• What is needed: Reproduce the listing that follows word for word, without its pictures.

:: Data below

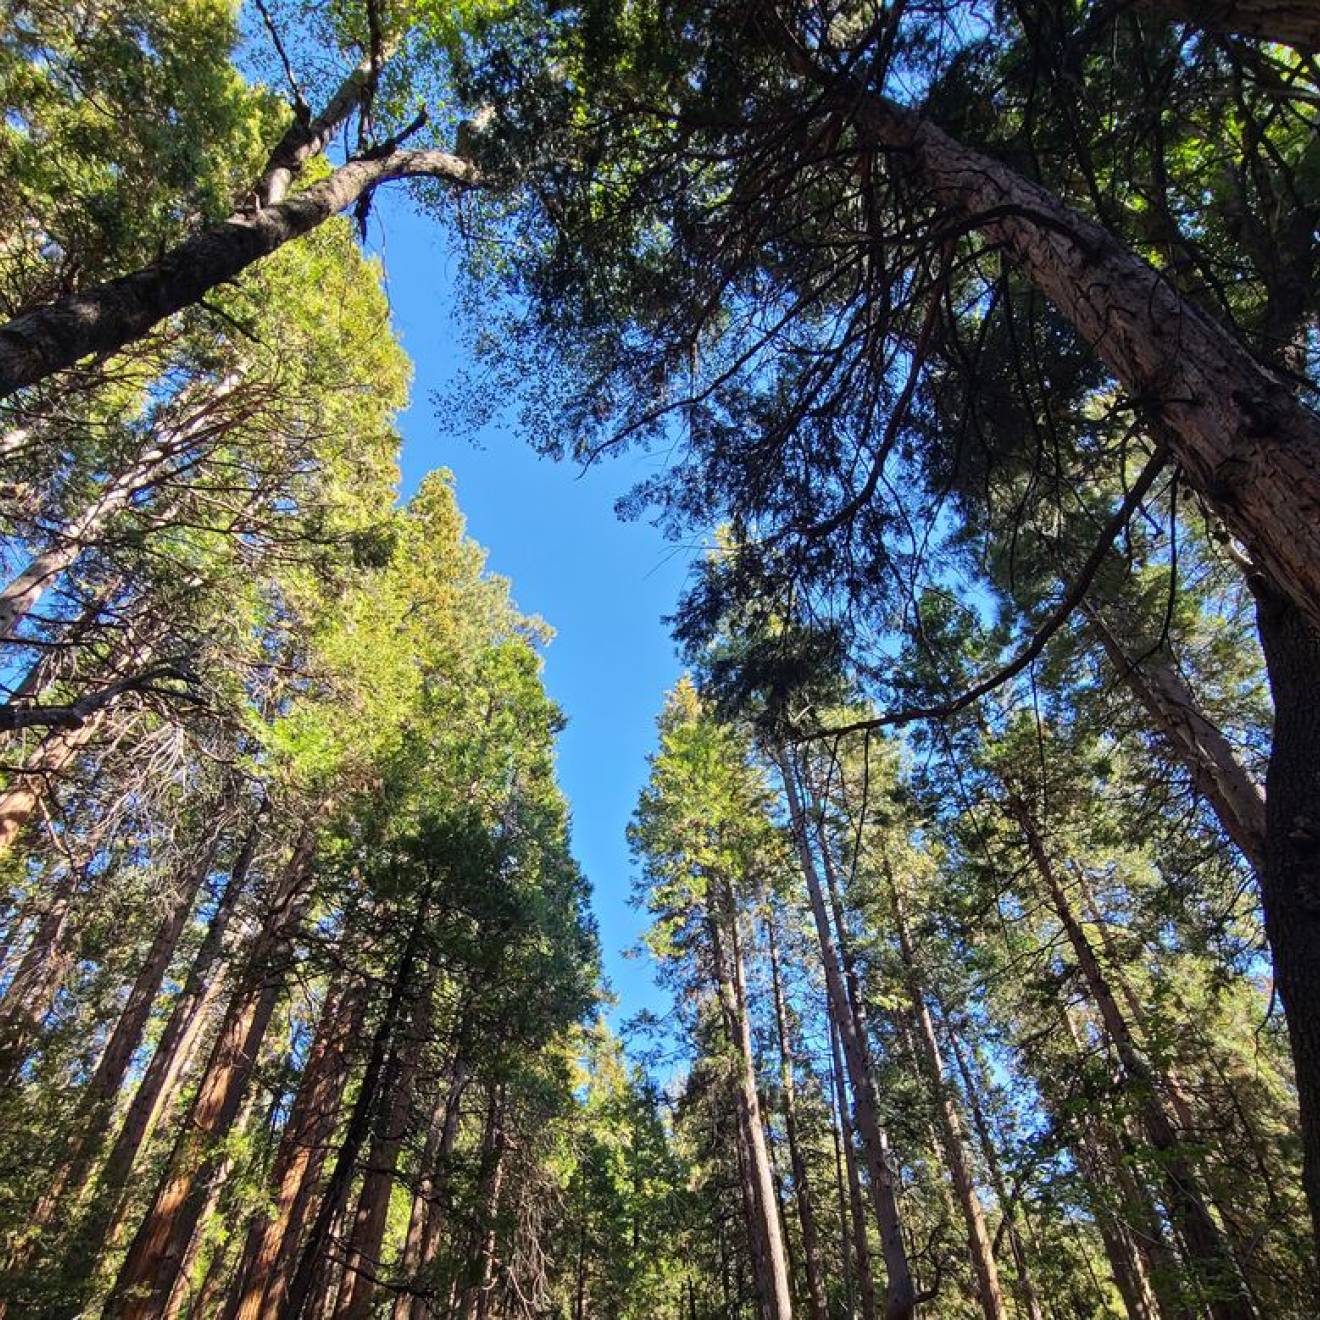 Looking up into a forest canopy against a blue sky
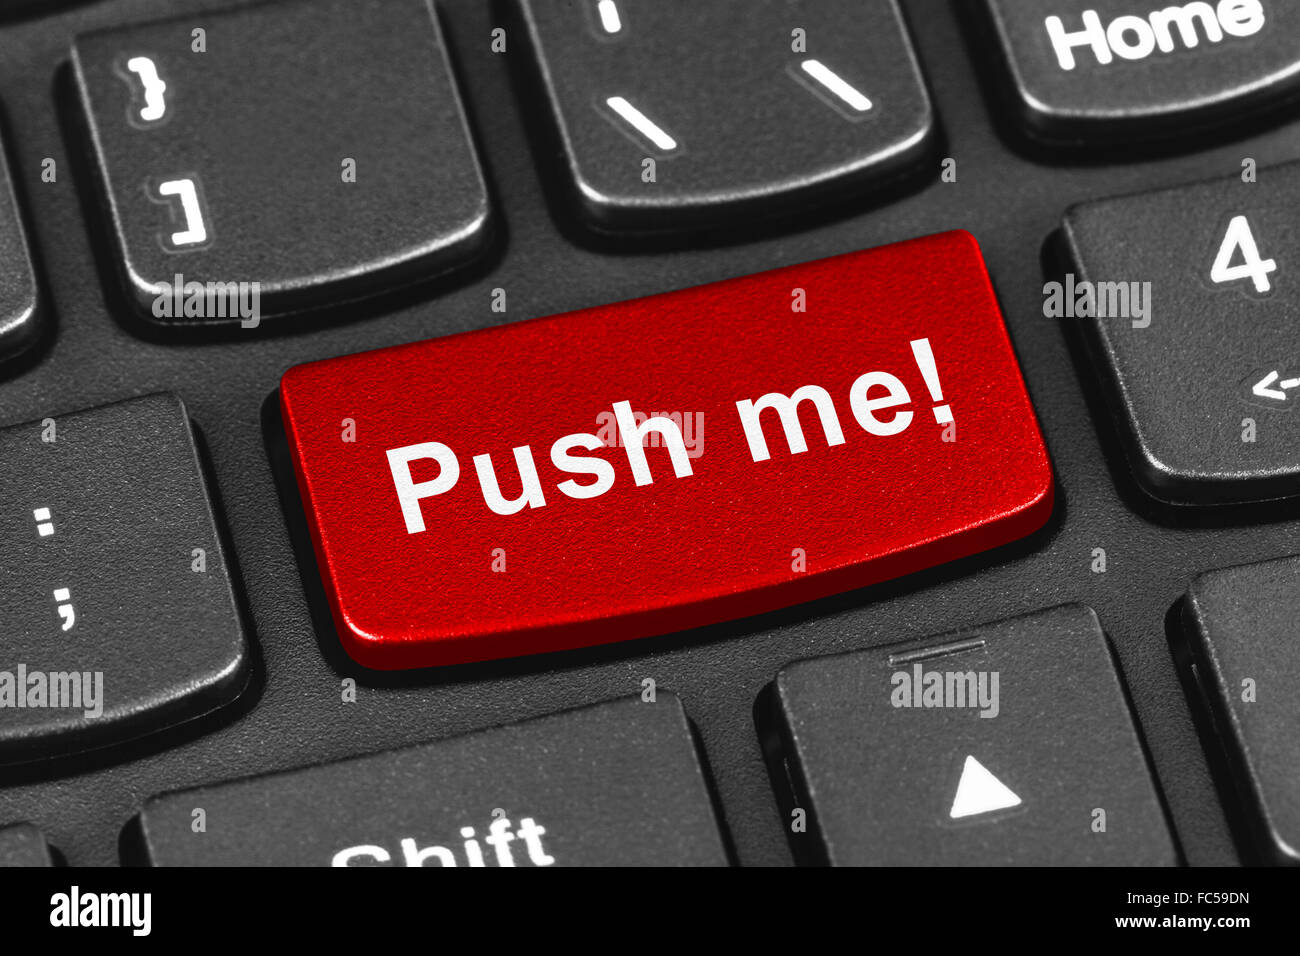 Computer notebook keyboard with Push me key Stock Photo
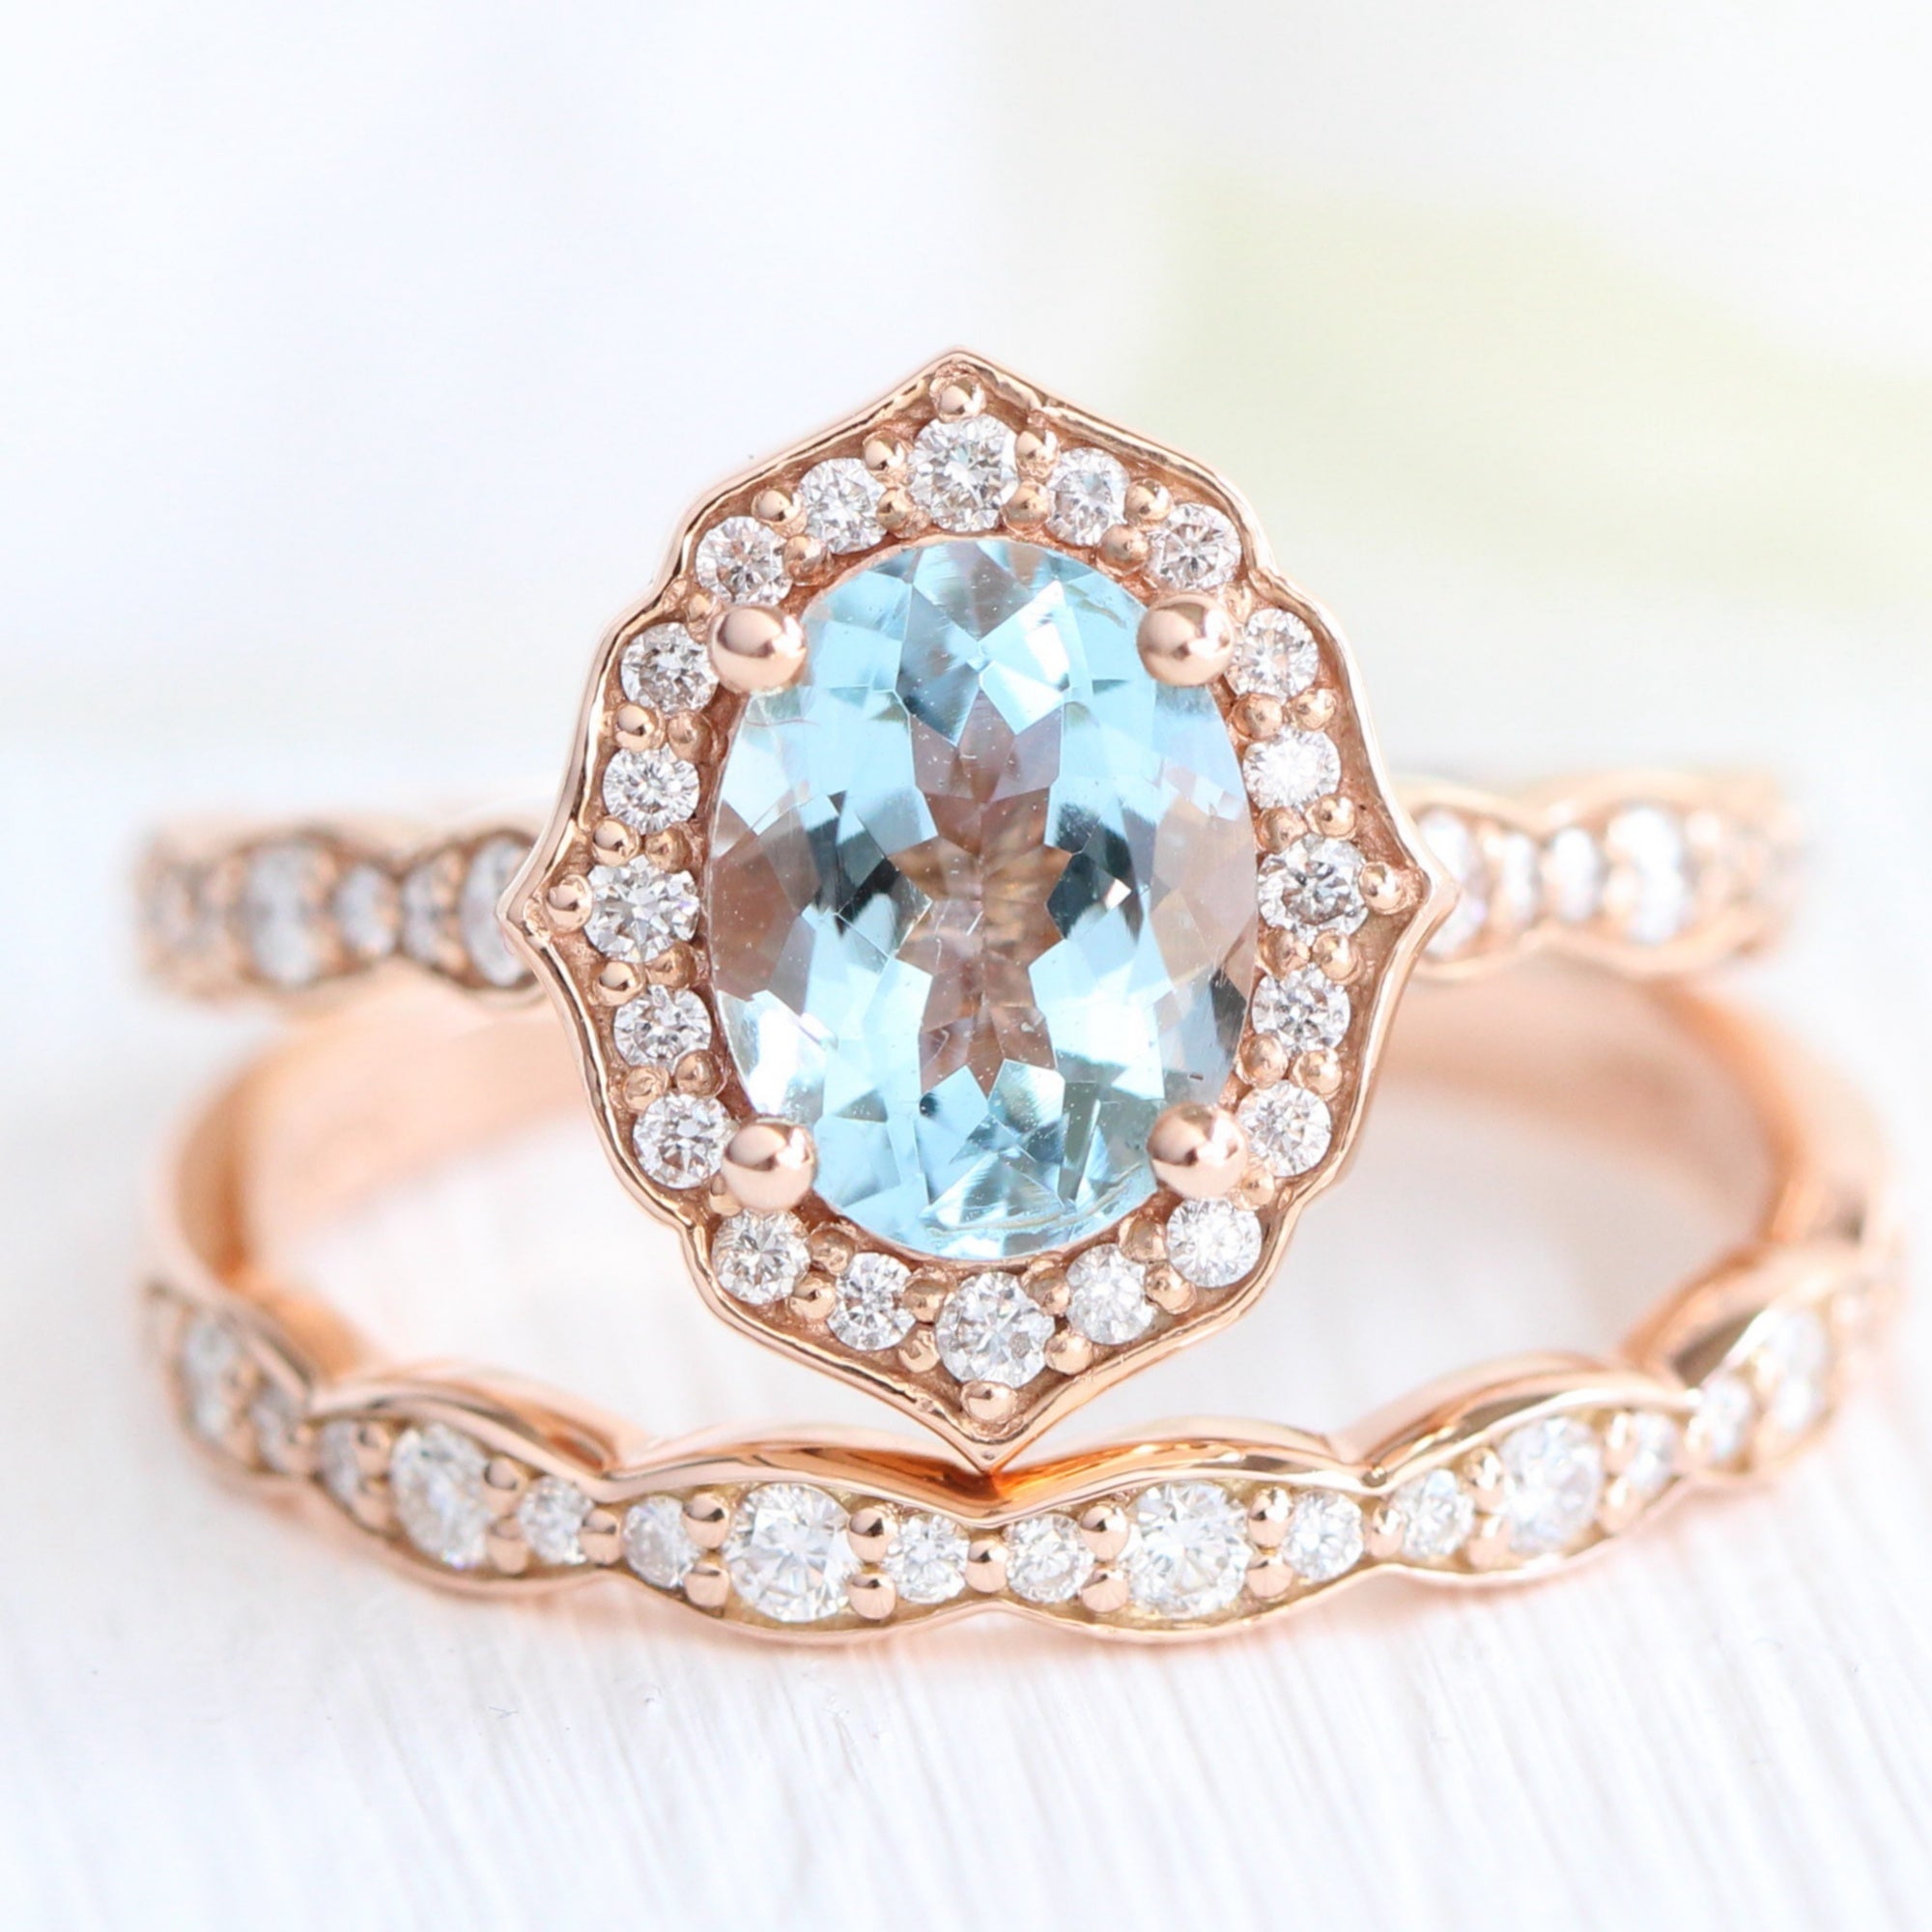 Vintage Floral Oval Aquamarine Ring w/ Diamonds in Scalloped Band

::::

• Answer section:
 Looking up into a forest canopy against a blue sky
 Computer notebook keyboard with Push me key Stock Photo
 Vintage Floral Oval Aquamarine Ring w/ Diamonds in Scalloped Band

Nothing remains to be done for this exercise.